Imperial couple's new yard-sign business is booming | Business | myleaderpaper.com

2022-07-22 20:38:45 By : Ms. Tina Wong

At top, a message Happy House Cards set up outside an assisted living facility for a resident's birthday; at bottom, left, Tricia Reese, who operates the yard-sign business with her husband, Mike Reese, puts out a message with the couple's 9-year-old son, Dillon; and at bottom, right, Tricia and Dillon show off two of the company's signs.

At top, a message Happy House Cards set up outside an assisted living facility for a resident's birthday; at bottom, left, Tricia Reese, who operates the yard-sign business with her husband, Mike Reese, puts out a message with the couple's 9-year-old son, Dillon; and at bottom, right, Tricia and Dillon show off two of the company's signs.

As people searched for ways to celebrate special events safely during the COVID-19 pandemic, Tricia Reese’s phone started ringing more and more.

In February, Tricia and her husband, Mike Reese, 51, an assistant principal at Fox High School, began operating a yard-sign business called Happy House Cards out of their Imperial home. Business was pretty slow the first couple of months, but that suddenly changed when people found themselves stuck at home in an effort to limit the spread of the coronavirus.

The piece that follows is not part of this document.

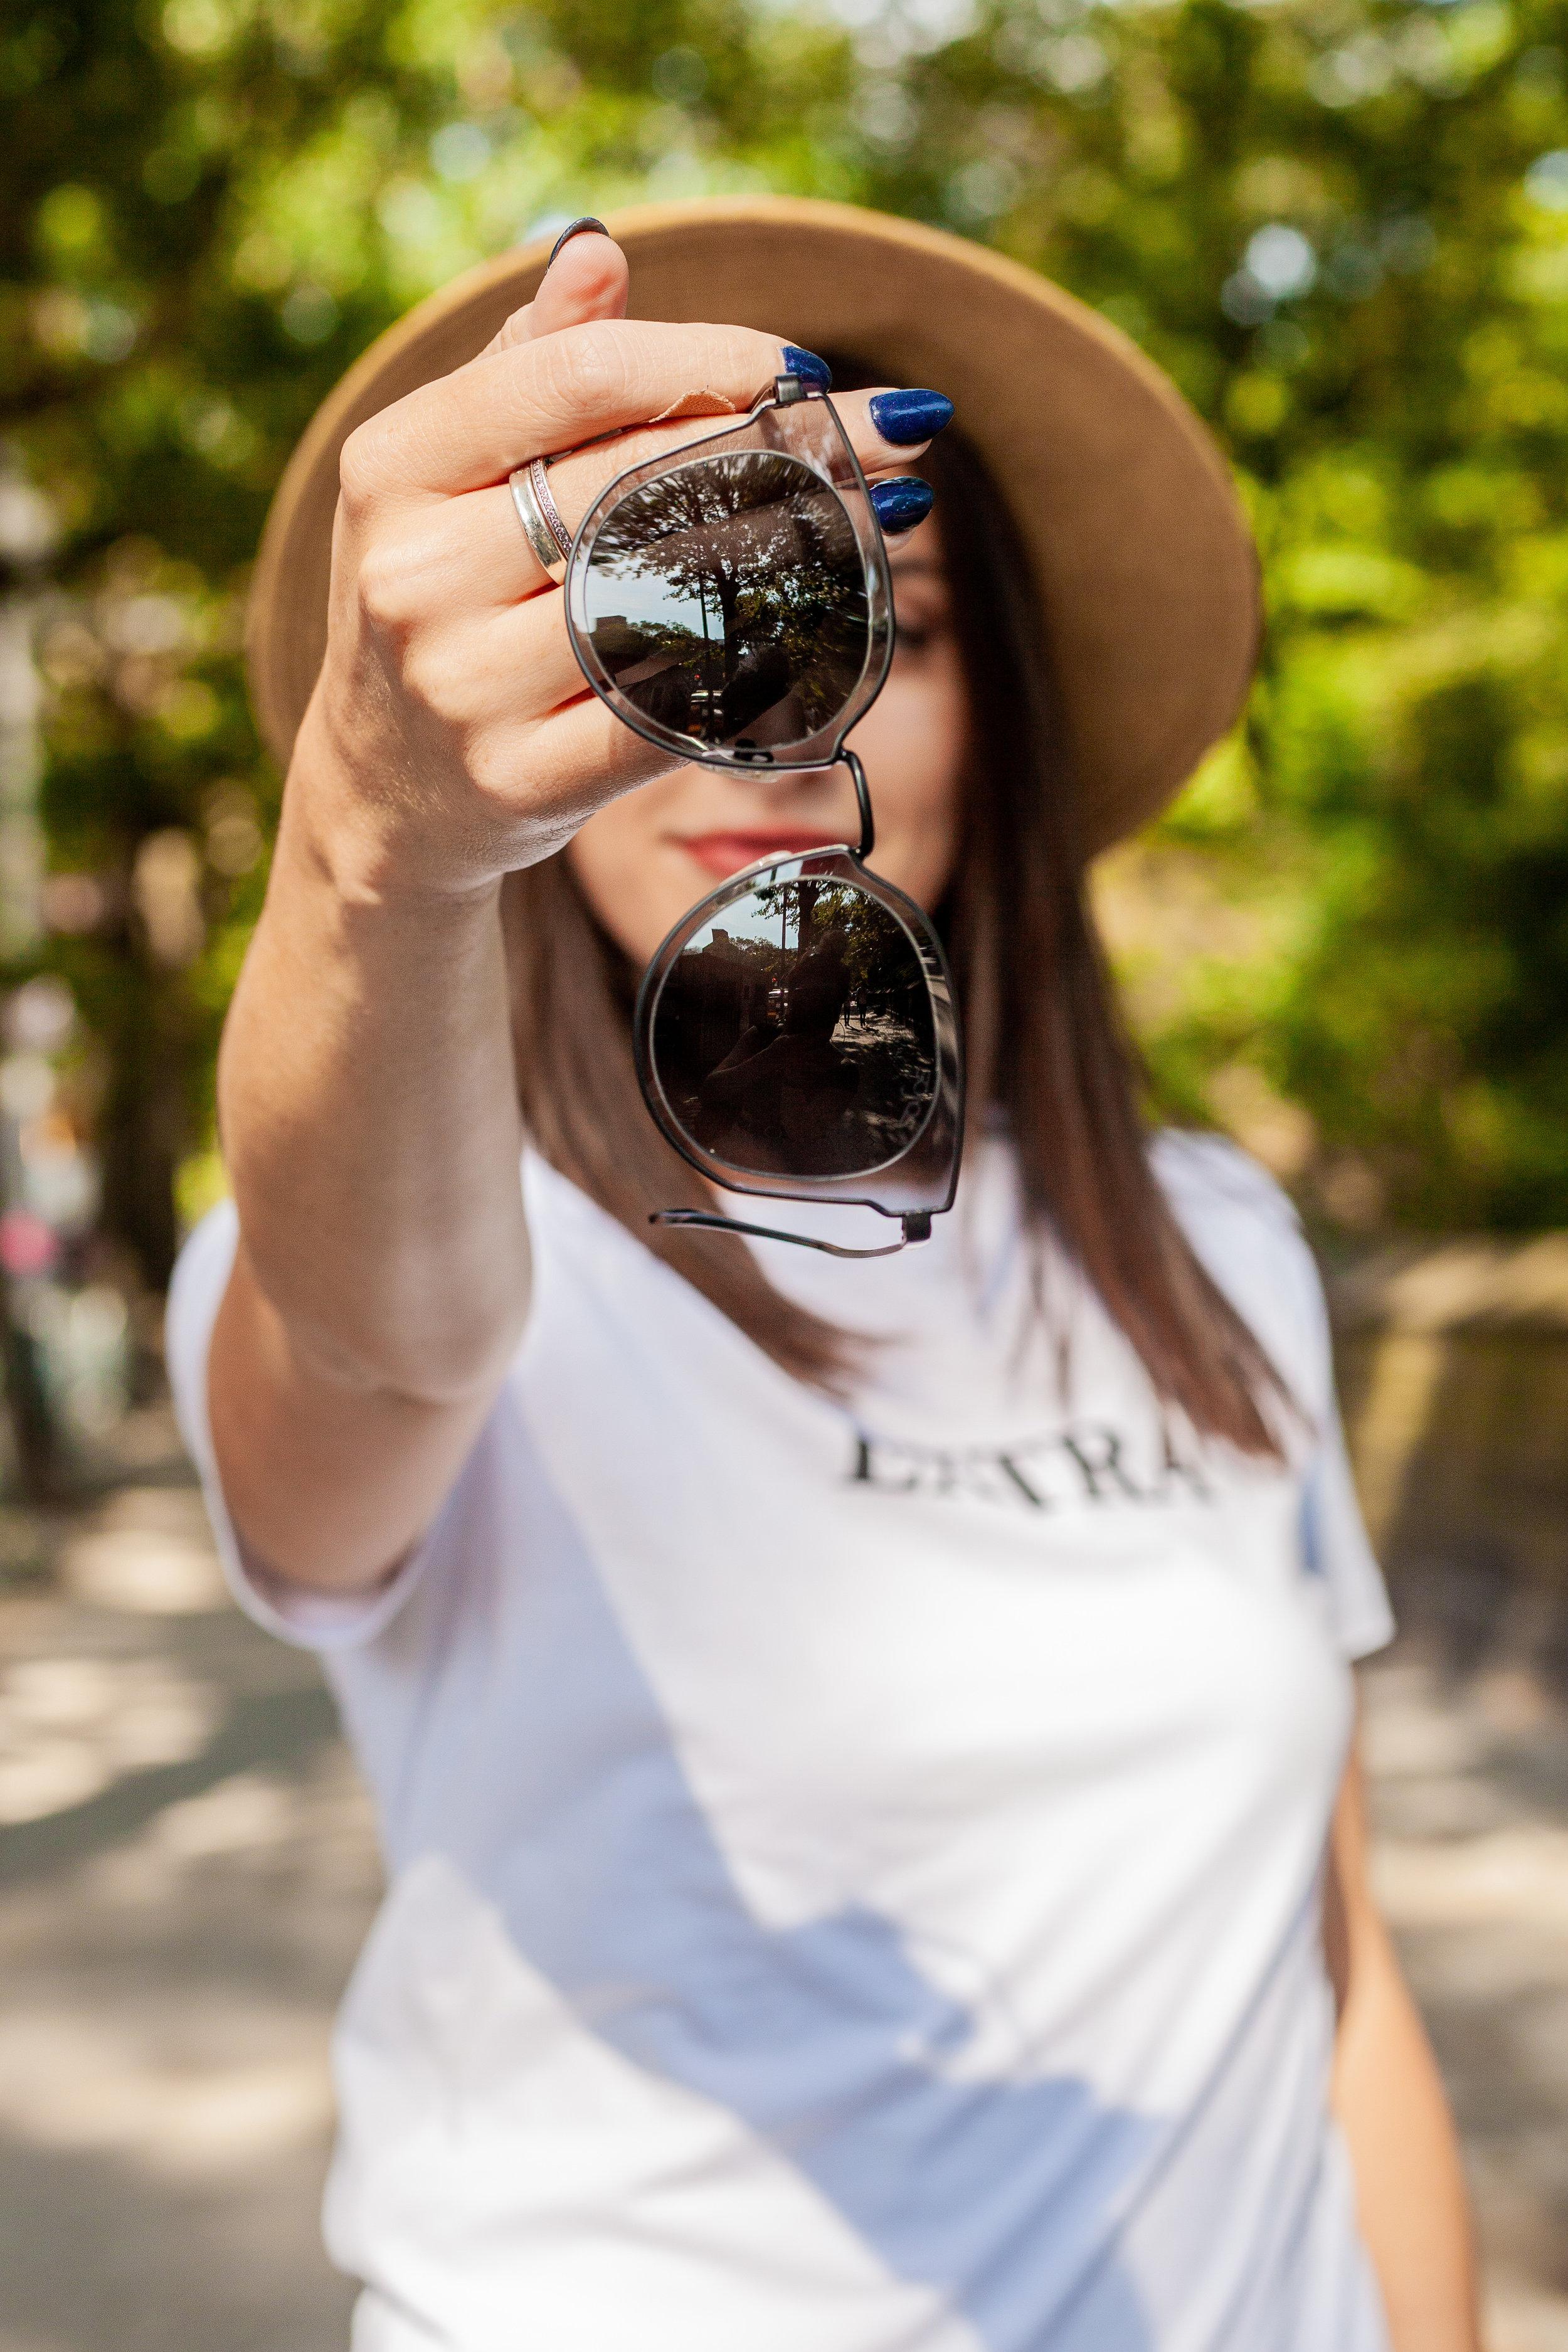 SOJOS Fashion Polarized  Sunglasses  for Women UV400 Mirrored Lens SJ1057 with Black Frame/Grey Lens

“Between early February and the last day of March, we had five or six paying orders,” said Tricia, 49, who also is a bus driver for the Fox C-6 School District and a sales representative for Norwex, a cleaning product company. “We were a little discouraged. We did a couple of free ones to get some more exposure. Then come April 1, and ‘Katy bar the door.’”

Tricia said she went from setting up letters and decorations in yards to celebrate milestones once every two weeks to decorating up to six yards a night for the past two months.

“It has totally taken over our lives,” Tricia said. “It has been quite the ride.”

The Reeses were searching for a way to supplement their incomes. However, it took a while to find the right fit.

“(Mike) would come home, give me an idea, and I would shoot it down,” Tricia said. “We wanted to supplement our income a little bit, but we also wanted something that was joyful.”

One day Mike pitched the yard-sign greeting card idea. The business sets up messages in yards with bright, colored letters with some added flare around the messages, like balloons, hearts, stars, birthday cakes, emojis and other signs.

“It felt comfortable, doable and fun,” Tricia said. “We just went for it in January. He ordered the inventory, set up the website, and I started trying to promote it through Facebook and talking about it.”

The inventory includes four alphabets in black, red, yellow and blue. The couple recently ordered a fifth set of letters in green. There also are signs that can be personalized to a degree or used just to fill out the message.

The letters are used to create messages, such as “Happy Birthday,” “Congratulations,” or “Happy Anniversary.” The limited supply of letters sometimes forces Tricia to be creative with spelling and messages.

“Every day for me is a puzzle,” Tricia said. “We only have so many letters of each color. We are constantly running out of P, Y, H and A. Once a date fills up with those letters, and I continue to get orders, I try to work with people on a different message. That way we can still do something, like, instead of ‘Happy Birthday,’ it will be, ‘Look who is 50.’”

It costs $75 to have a message placed in a yard. The couple charges an extra $4.25 per mile for a destination that is farther than 20 miles from Seckman High School, 2800 Seckman Road, which is near the couple’s Imperial home.

The messages are set up at night and remain in someone’s yard until around sun down the next day, which is when they collect the letters and signs, sort them for the next jobs and then set up messages in new yards.

“This is nearly a 24-7 job for me,” Tricia said. “We will get messages all hours of the day and night. It has been exhausting. I’m not a night owl. We would normally go to bed at 9 p.m.; now if we get in bed by 1 a.m., that is an early night.”

When social-distancing measures were put in place, local residents began looking for new ways to celebrate milestones, and the Reeses’ business became a perfect backdrop for drive-by parades held to wish people a happy birthday or anniversary or recognize graduating high school and college students, Tricia said.

“At first, about 98 percent of our business was birthdays,” Tricia said. “We have done birth announcements, retirement and anniversaries. About anything you can think of, we can make with our letters.”

Tricia said they try to operate their business safely to limit the spread of the virus.

Fr example, customers are told not to touch the letters and other signage.

“We never come into contact with people,” she added. “All orders are done online, via text or the phone.”

The Reeses ask customers to contact them through either the business website, happyhousecards.com, or the company’s Facebook page to determine what days are available to set up messages and what those messages can say.

“There is a lot of give and take between the orders, but we haven’t had a complaint yet,” Tricia said.

Tricia said she does not know what is in store for the business with travel and gathering restrictions easing up. But for now, the Reeses and their three children – Natasha, 21; Dillon, 16; and Austin, 9 – are enjoying spreading joy with their yard messages.

“It will be interesting to see what happens with our business when we kind of get back to normal,” Tricia said. “Right now, we are just taking it a day at a time.”